At its inception, the cossack movement had consisted of Ukrainians fleeing south to enjoy freedom, but they had located not only in the Zaporizhia region of Ukraine, but also in the southeast and east, in the old Scythian east, the lands east of the Sea of Azov in the Don, Kuban and Terek River basins. Starting in the 16th century on through the 19th, Russia began to use Don and Kuban cossacks both to guard its borderlands and to expand them. As time went on, the Russians developed the idea of pushing all the way to the Bering Strait and beyond. This expansion eventually went as far as the establishment of Fort Ross, just north of today’s San Francisco, and included Siberia and Alaska. Throughout the history of this expansion, Ukrainian cossacks were used. Back in Ukraine, by the late 18th century, especially after the Zaporizhian Sich was forcibly disbanded (1775), there were migrations of cossacks in all directions, and some were actually orchestrated by Russia. There were various reasons for this. In some cases, Russia wanted to reward them for service to its empire. In other cases it wanted to appease them. In other cases, it simple wanted to relocate them, so that Russia could build its New Russia in the territory of Old Ukraine.
As time went on, and as political oppression expanded, so did cultural repression. One of the most hated examples of this, was the law passed by Russia in 1876 called the Ems Ukaz, which made it illegal to publish or import books in the Ukrainian language. At the time, the Russian interior minister famously declared, “the Ukrainian language never existed, does not exist, and shall never exist”.
In the 19th century, Ukraine seemed poised to disappear. Yet the nation would not succumb. Cultural movements and secret societies appeared despite threats of persecution. Many literary figures arose to preserve the Ukrainian language itself, as well as, the dream of a return to statehood. The greatest of these was Taras Shevchenko.

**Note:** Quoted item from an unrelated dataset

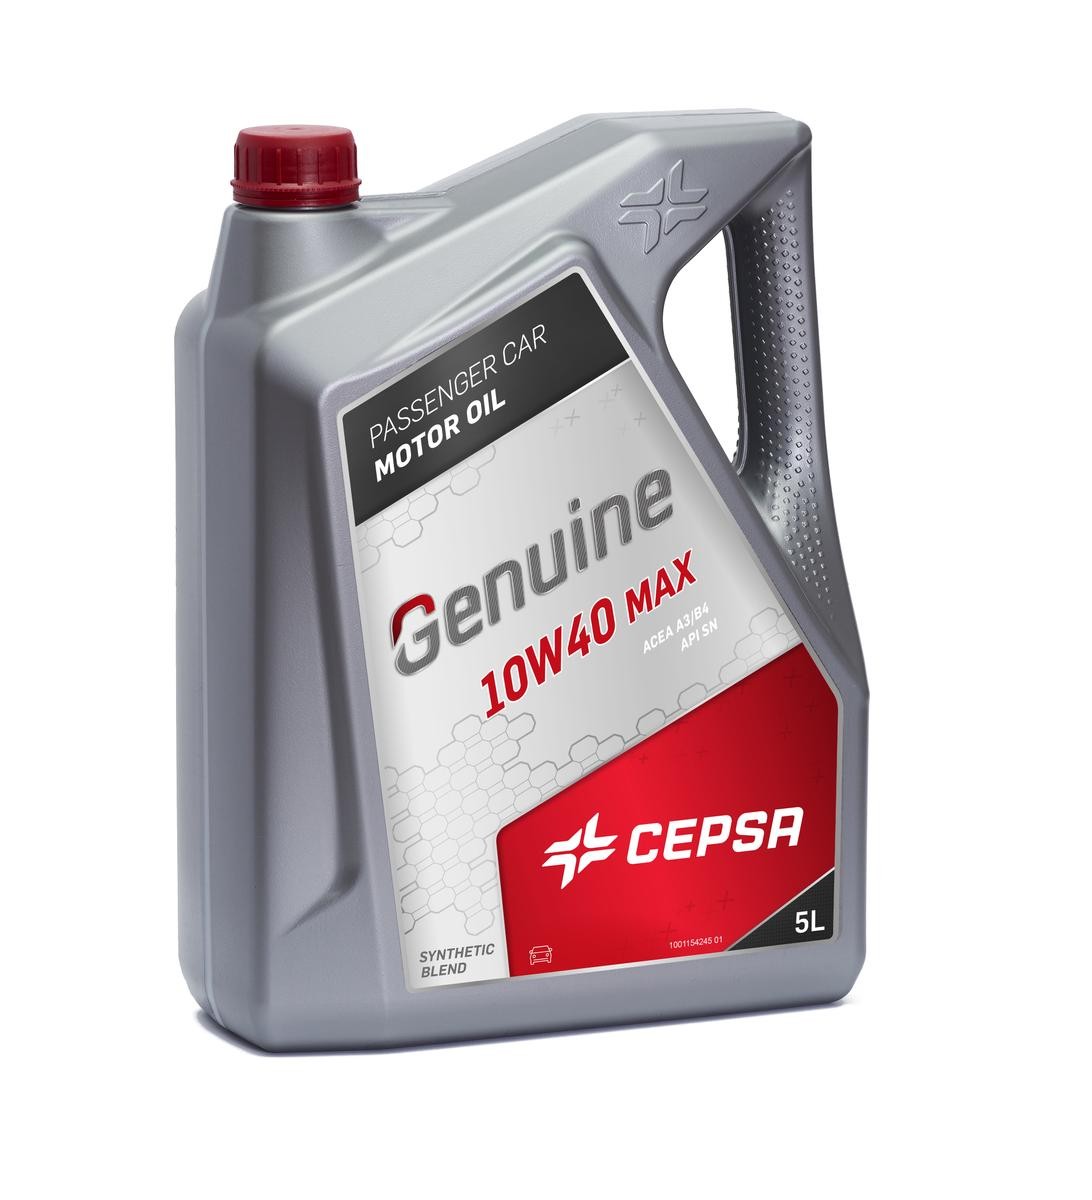 Engine oil CEPSA 10W-40, 5l, Part Synthetic Oil, Part Synthetic Oil longlife 513713090

One of the “benefits” that Russian rule had brought to Ukraine was the re-establishment of serfdom in 1783[!] — a social institution whose last remnants had died out in Ukraine over a century before — and Shevchenko was born a serf in 1814. This gifted genius rose to become an accomplished painter, engraver and writer, in particular of lengthy poetic novels. He was eventually bought out of serfdom at age twenty-four by two older artist friends, who raised the money through the raffle of a painting. He wrote on many topics, but his greatest impact was through those writings that glorified Ukraine, in particular it’s hetmanate past — prohibited — its culture and aspirations. His writings further included revelations of Russian oppression and derisive descriptions of the imperial family. Soon enough, all this earned him several long, debilitating exiles and imprisonments in various locales in Central Asia.

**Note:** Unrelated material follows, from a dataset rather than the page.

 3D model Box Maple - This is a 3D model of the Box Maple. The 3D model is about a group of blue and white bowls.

Incredibly, as the 20th century approached, there was a growth, especially in western Ukraine, which was under Austro-Hungary, of organic and organized efforts at education and self-help for the populace including people in the rural areas, especially in the areas of national awareness, economics, political power and ultimately self-defense. By the time World War I arrived, Ukrainians proclaimed the Ukrainian National Republic (UNR) in 1917 with its capital at Kyiv and the Western Ukrainian National Republic in 1918 with its capital at Lviv, and the two merged in 1919 as the UNR.

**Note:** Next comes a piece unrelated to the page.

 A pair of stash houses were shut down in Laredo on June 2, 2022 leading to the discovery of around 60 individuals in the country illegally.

Even the cossack heritage and lifestyle, seemingly ended in the 18th century, continued in other places and have remained to this day, namely stretching from eastern Donbass in today’s Ukraine to the Don River basin — the Don Cossacks — and in the Kuban River basin in today’s Russia — the Kuban Cossacks. In 1918, both these regions proclaimed republics with Ukrainian as the sole or primary official language and sought diplomatic ties with Ukraine proper, which, in fact, reciprocated. Also by 1918, Zelenyi Klyn or Green Ukraine, in the region around the lower Amur River on the Pacific Ocean, with Vladivostok as its major city, had organized itself into a pre-governmental polity, was sending material aid to Ukraine proper, and had formally resolved to proclaim independence and negotiated coordination with the Ukrainian National Republic, even demanding officially, that in all of its negotiations with Russia, the UNR was to demand jurisdiction over Green Ukraine! In late 1919, Kuban, Don and cossacks of the Terek Region (the Terek River flows east, into the Caspian Sea) began discussions of uniting as one state, even as they also made overtures to the UNR. Today, the situation in these regions, all within modern Russia, remains a never-ending source of worry for Russia.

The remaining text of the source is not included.